Minerals and excess water absorption occurs in the large intestine (colon) and fibre, bacteria and unabsorbed nutrients are escorted as waste towards the rectum until elimination occurs. The anus holds the rectum closed.
Peristalsis is the action of moving food along the intestinal tract. Circular and longitudinal muscles propel the bolus of food in a wave like action from the very first swallow along the intestine till it reaches the rectum where you are prompted to defecate.
Your body gets into a pattern of when to expect food. For most people this will mean eating approximately every 4 hours. As you get hungry your sense of smell increases and your stomach may rumble (a good sign your system is getting ready for digestion). You may start to salivate as the digestive enzymes in your mouth increase.
The sight of your food can stimulate your digestive system to get ready for work.
Ensure your food looks inviting by adding foods with various colous and textures. Imagine a green lettuce salad with, purple beetroot, red capsicum, black olives, some walnuts, linseeds and feta cheese; or a big juicy steak with carrots, peas and potatoes.
Studies have found that your taste for starch is individual, based on your salivary enzymes. Your preference for rice over potato for instance can determine the degree of salivary amylase enzyme. You could be eating too much of a food and not digesting it well or be lacking the enzymes to efficiently break it down.
This gives a head start to digestion. Try chewing food till it resembles liquid and if having a protein shake or juice, chew the liquid, swirl it around your mouth before swallowing, this way enzymes in the mouth cover all the food particles and digestion begins.

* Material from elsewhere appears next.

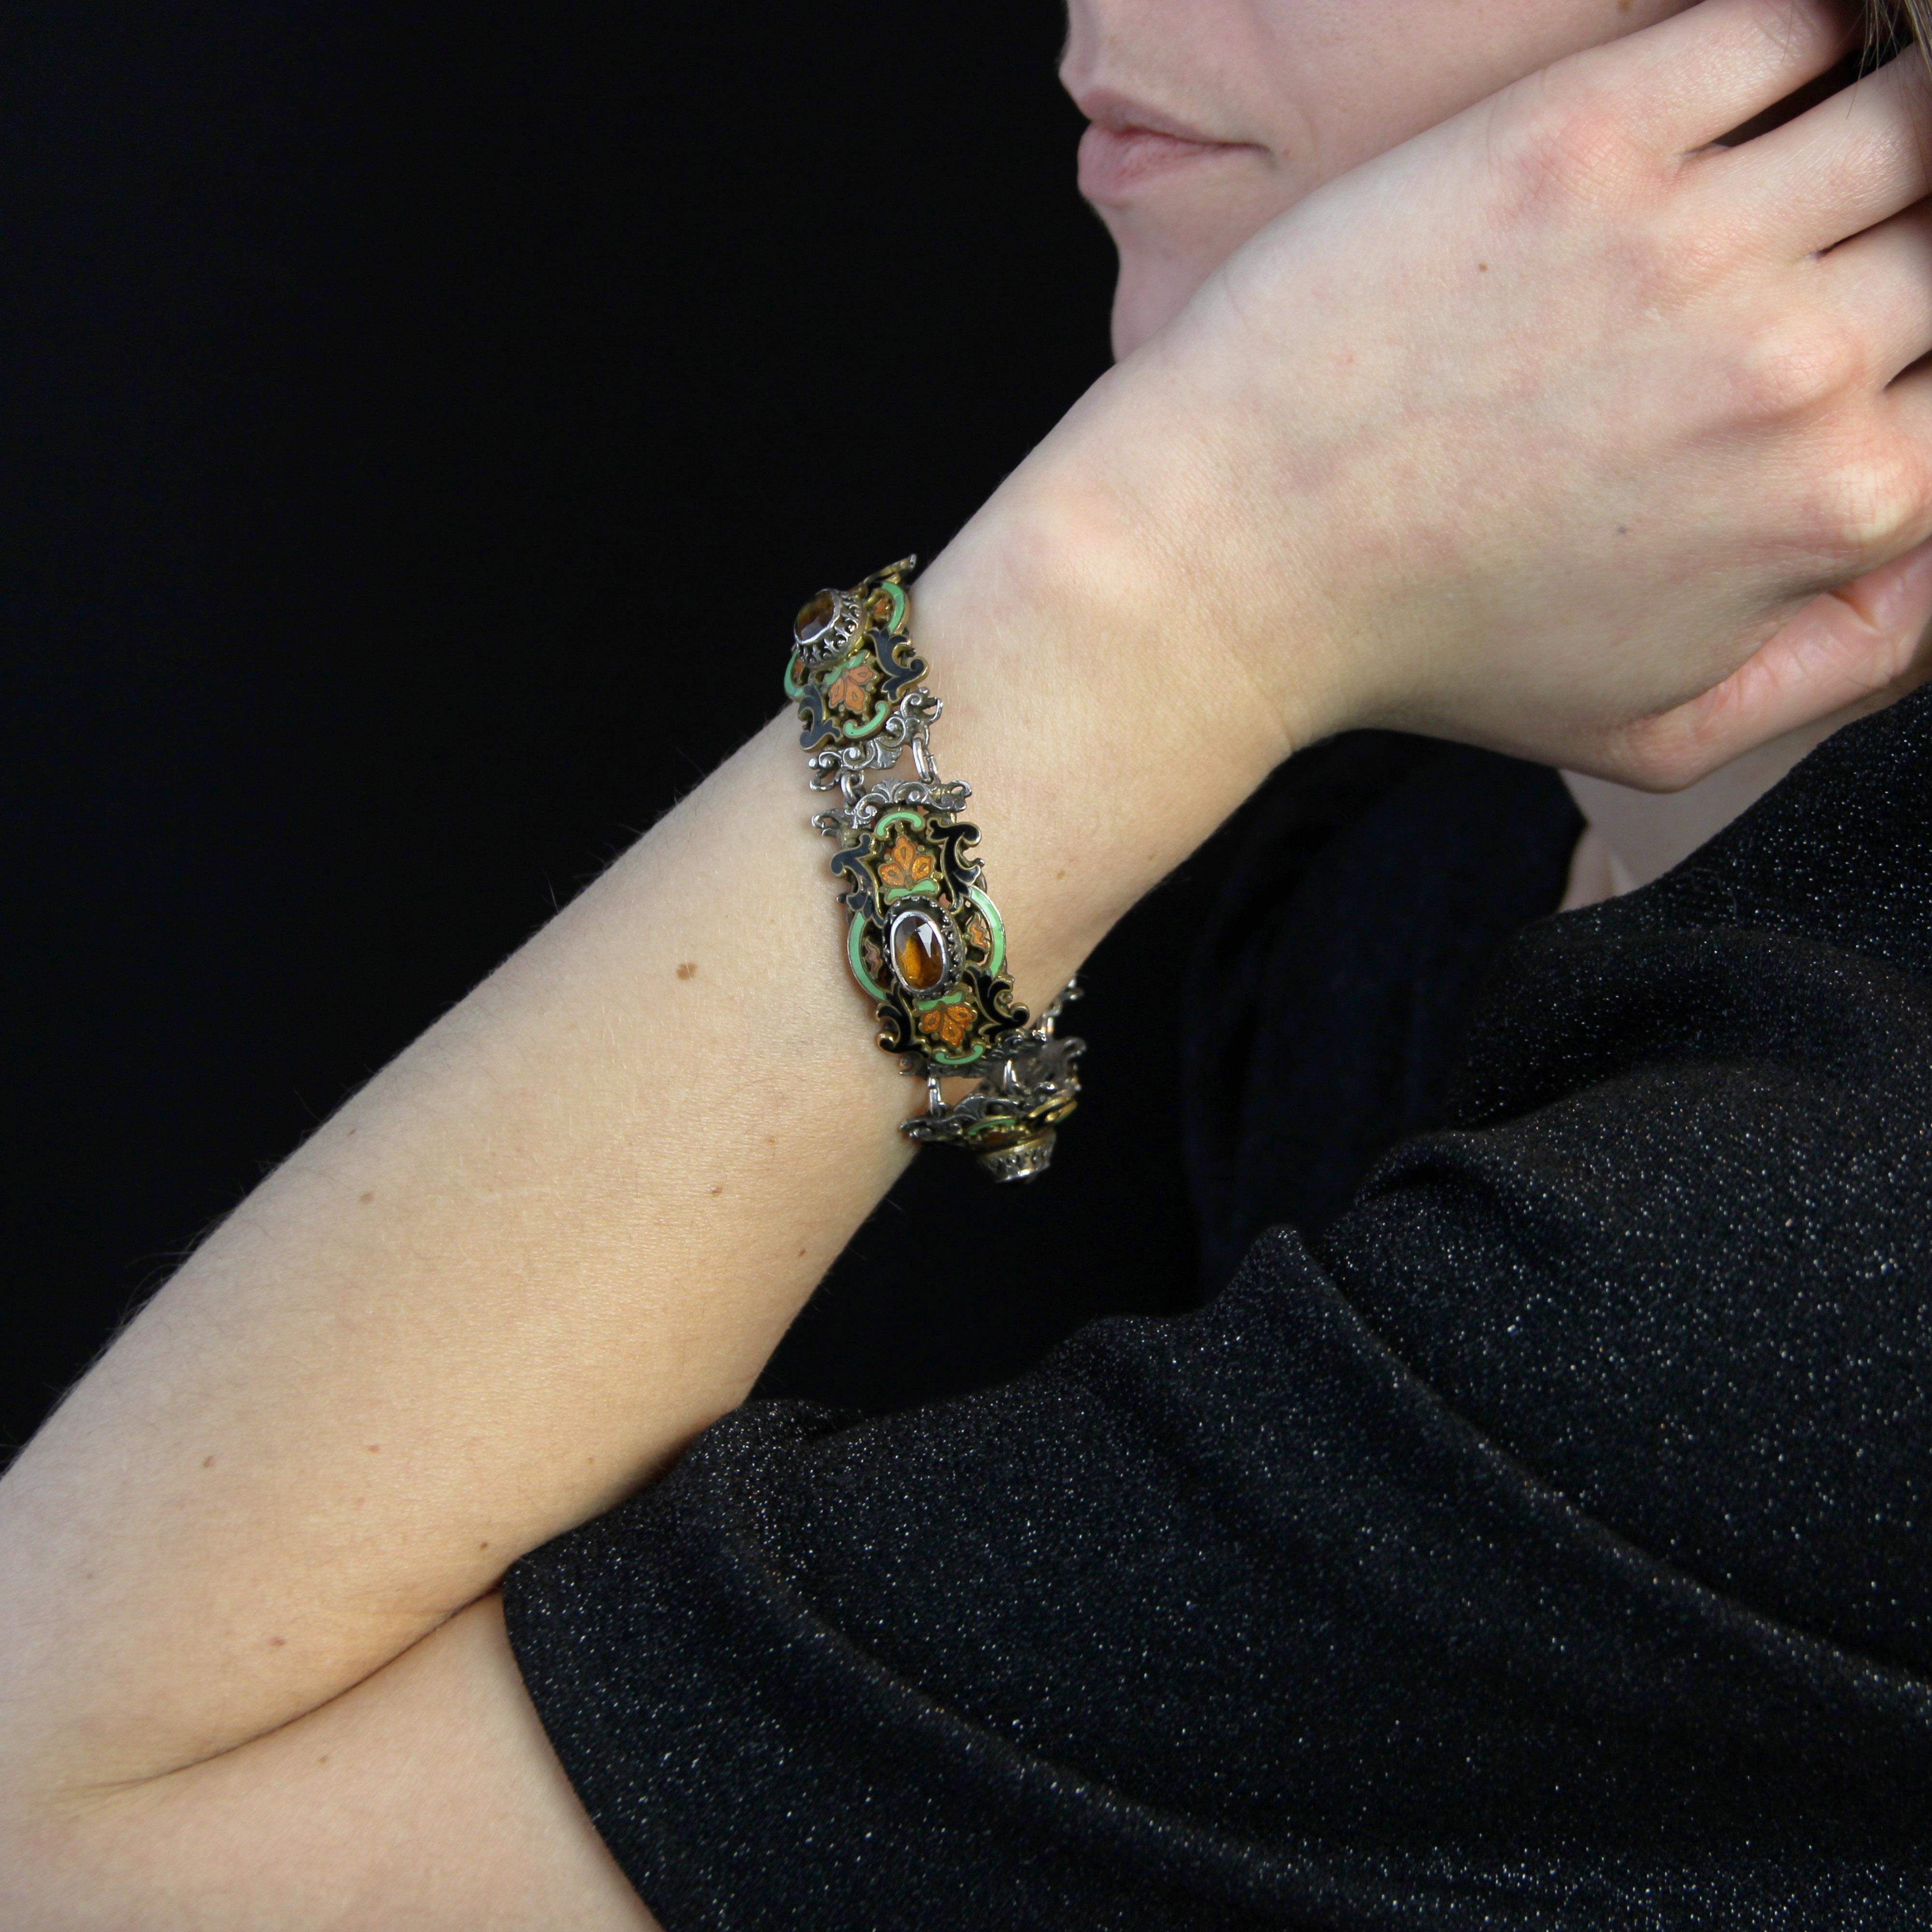 Bracelet en argent, poinçon tête de bélier.
Ce bracelet ancien présente 4 motifs rectangulaires séparés par des anneaux. Chaque motif est incurvé, percé d'arabesques et gravé de motifs végétaux. Une plaque en émail noir, vert et orange est également

Often people mistake too much acid when the real problem is not enough. Gastric juice is a mixture of water, enzymes and hydrochloric acid that is needed for protein digestion. Large protein chains are cleaved to more manageable amino acids, (like chopping wood). Gastric acid is able to destroy pathogenic microbes entering the body as part of the body’s defence system and is required for the digestion of some vitamins and mineral. Broccoli, beetroot, and spinach contain betaine which can help increase acid. Digestive bitters and bitter greens such as endive, watercress, rocket, and chicory can help stimulate digestion. A teaspoon of apple cider vinegar may help with absorption.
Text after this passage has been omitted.